Makarov’s Press-Conference (Part I)

General Staff Chief Nikolay Makarov apparently held a lengthy press-conference today covering many topics.  He’s still advocating buying weapons abroad (when necessary), despite Prime Minister Putin’s strong support of the domestic OPK against the military’s demands.

ITAR-TASS quotes Makarov on the pending Navy headquarters move to Piter:

“Concerning a decision by the Supreme CINC [President Medvedev] to revoke the transfer of the Navy Main Staff to St. Petersburg, there has been no such decision.  We are now working on this issue.”

The General Staff Chief seemed to say there won’t be any diminution of the role or place occupied by service Glavkomaty, according to the news service.  He said the Main Commands of the services of the Armed Forces are part of the military branch of command and control which he heads.

ITAR-TASS quotes Makarov on buying arms and equipment abroad:

“We will need to buy something that isn’t produced with the quality we require.”

He compared domestic Msta-S and longer-range French Caesar howitzers:

“In France, we were shown the work of an artillery battalion which was ready to fire 30 seconds after a march.  Our analogous norm is 15 minutes.  The difference between one minute and 15 minutes is huge.”

“Therefore, we have to acquire something in order not to lag behind, but on the condition of arranging joint production in Russia.”

Interfaks quoted him on buying armor abroad:

“Some technologies certainly have to be bought in the West.”

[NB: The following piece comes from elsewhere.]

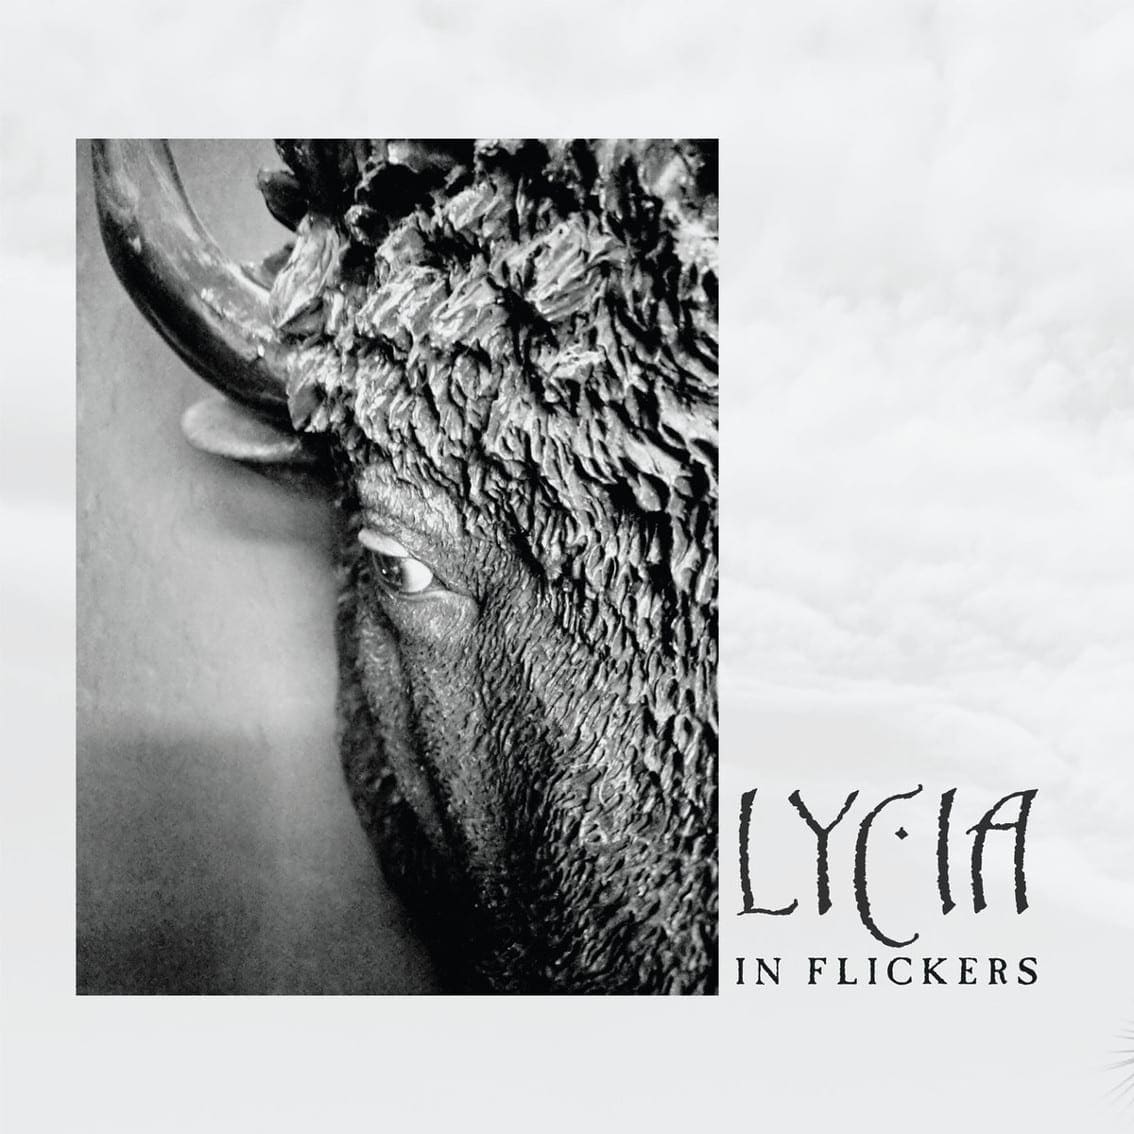 Exclusive premiere of Lycia's 'The song is Autumn Into Winter' on Side-Line !

The Defense Ministry, he says, has no desire to buy arms and equipment abroad if Russia has analogs or more modern models.  But Russia will find it hard to compete with Western firms that are cooperating with each other.  Makarov cited Renault’s APC which uses a Volvo engine.  “Our producers need to make a revolutionary leap,” Makarov concluded.

The General Staff Chief was ambivalent about the T-90 tank, according to ITAR-TASS:

“I visited the Nizhniy Tagil exhibition and got familiar with our T-90 tank.  The tank they showed us, particularly its turret, calls for serious respect.  But we have questions remaining about many drawbacks.”

“. . . the experimental-design work the factory is conducting will allow them to realize those requirements the Russian military is placing on this new product.”

ITAR-TASS also picked up Makarov’s remarks on the Tsentr-2011 exercises:

“We want to work out common approaches to employing armed forces within the ODKB [CSTO] framework.”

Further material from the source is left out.